WHAT THE EXERCISE ASKS
Output the line containing "解決フォアマンコンパニオン牛乳肌の素 薬用ミルキークリーム 20g" and each line after it through the end of the data, exactly as written, with pictures left out.

DATASET CONTENT

○ ○ ○ ○ ○

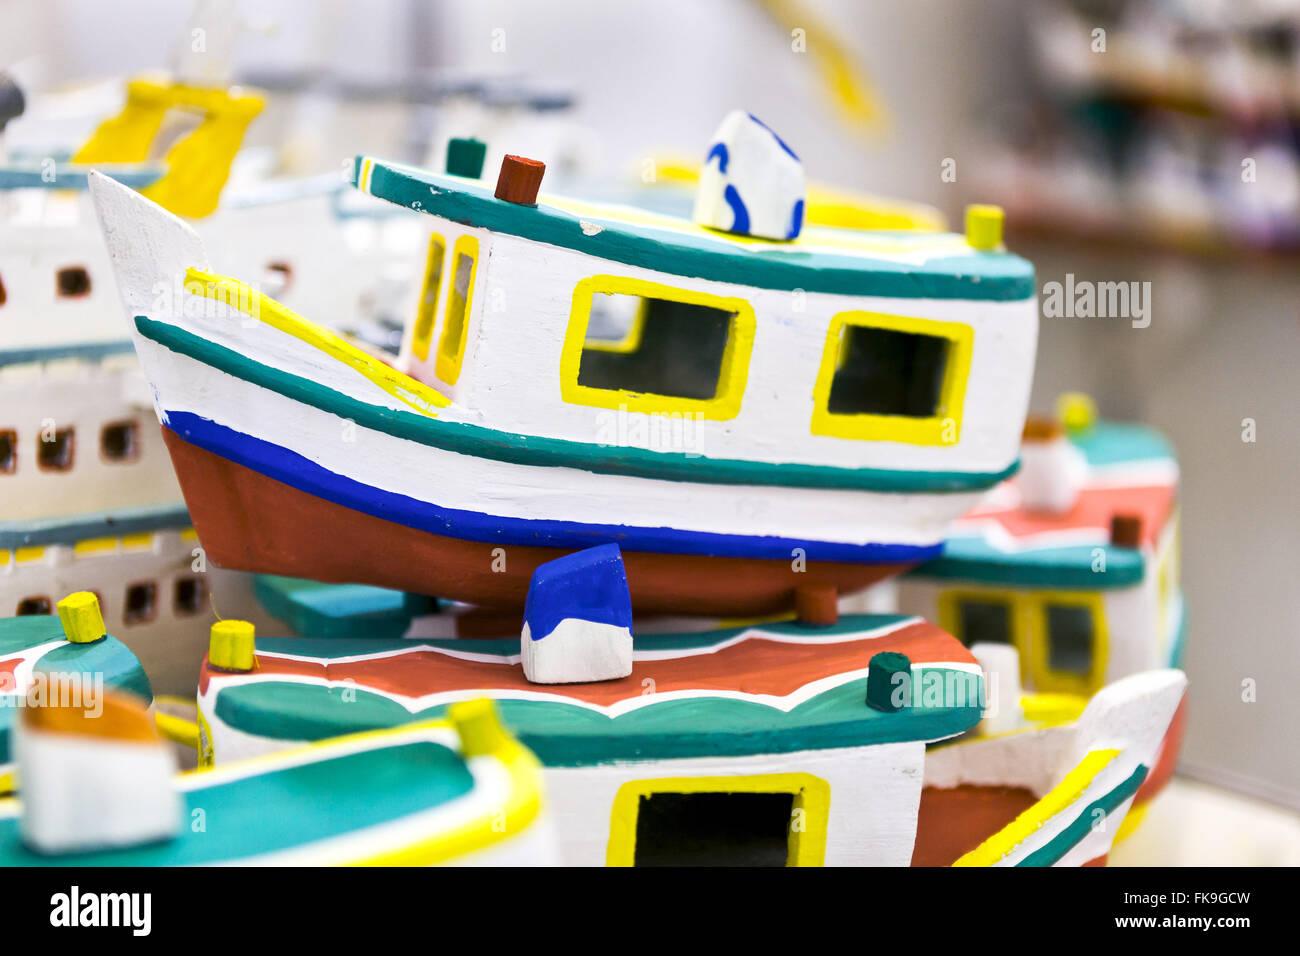 Spielzeug in Buriti - traditionell hergestellt durch die Küstenregion von Abaetetuba Stockbild
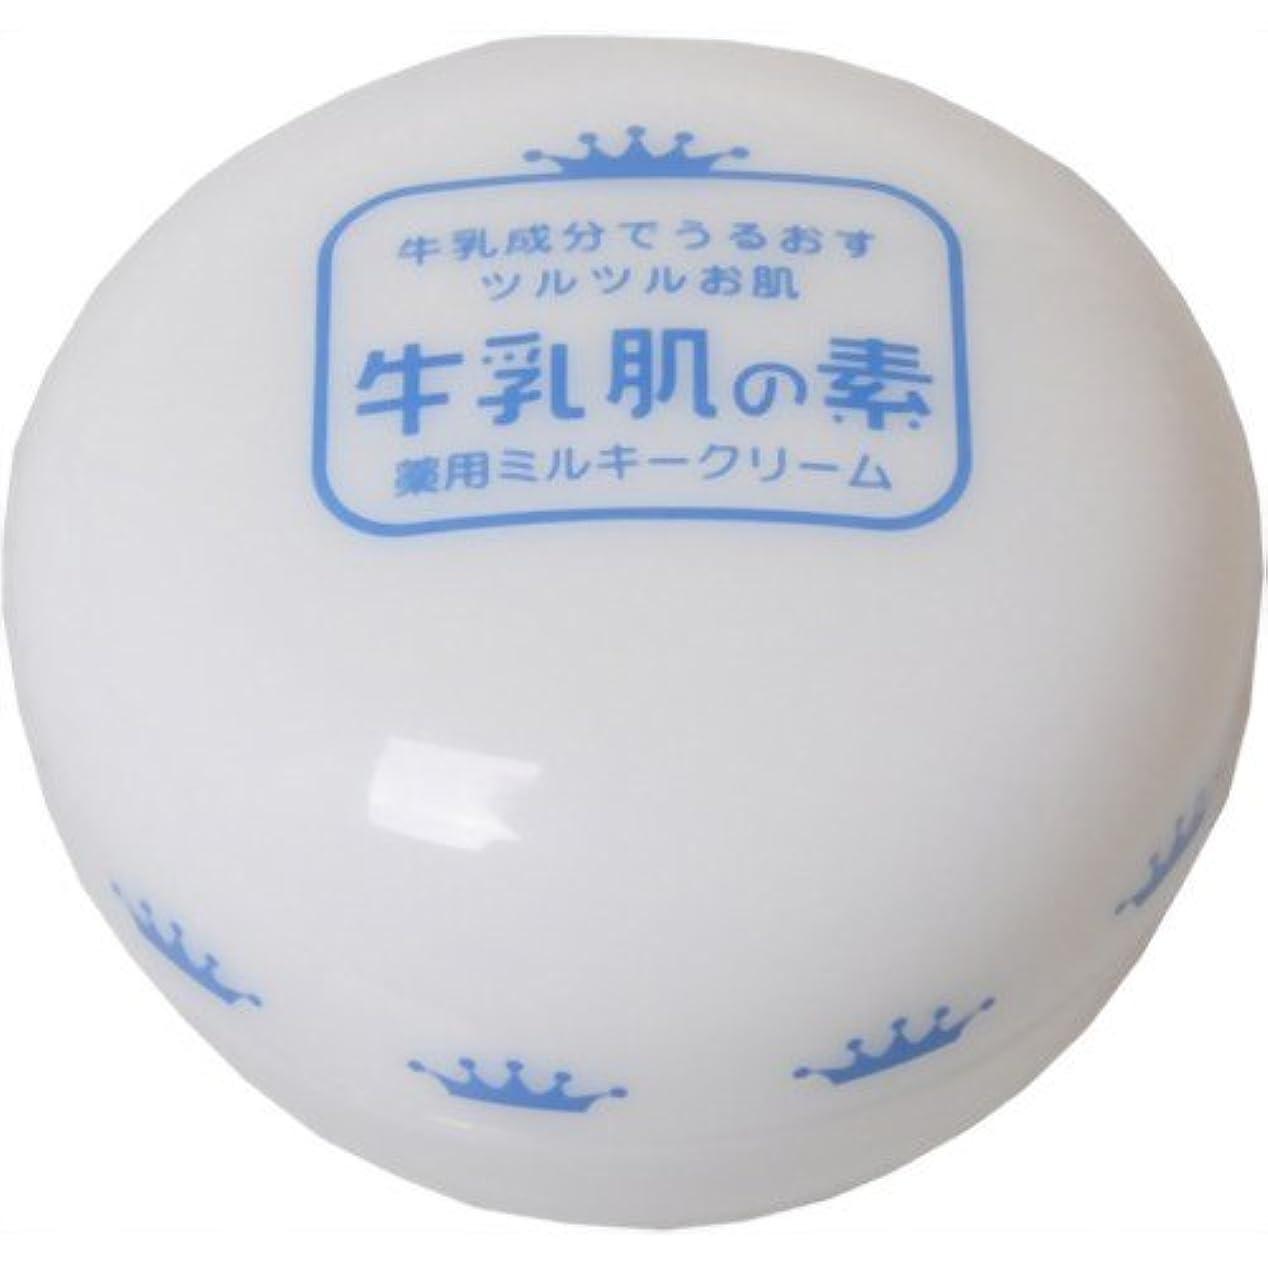 解決フォアマンコンパニオン牛乳肌の素 薬用ミルキークリーム 20g
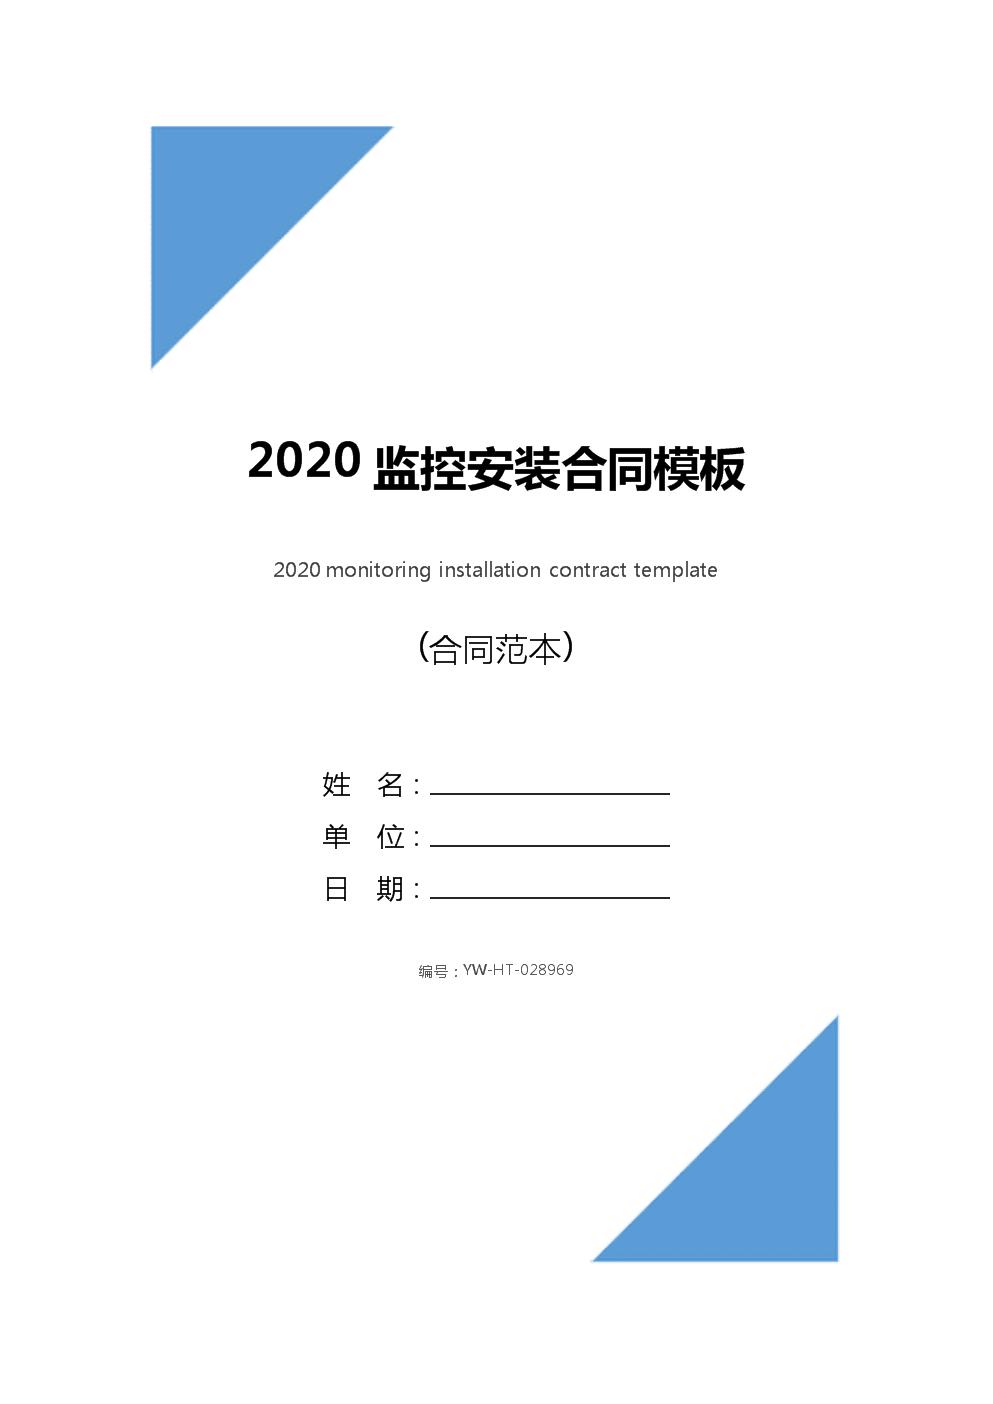 2020监控安装合同模板.docx

○ ○ ○ ○ ○

ANSWER SECTION
 解決フォアマンコンパニオン牛乳肌の素 薬用ミルキークリーム 20g
 2020监控安装合同模板.docx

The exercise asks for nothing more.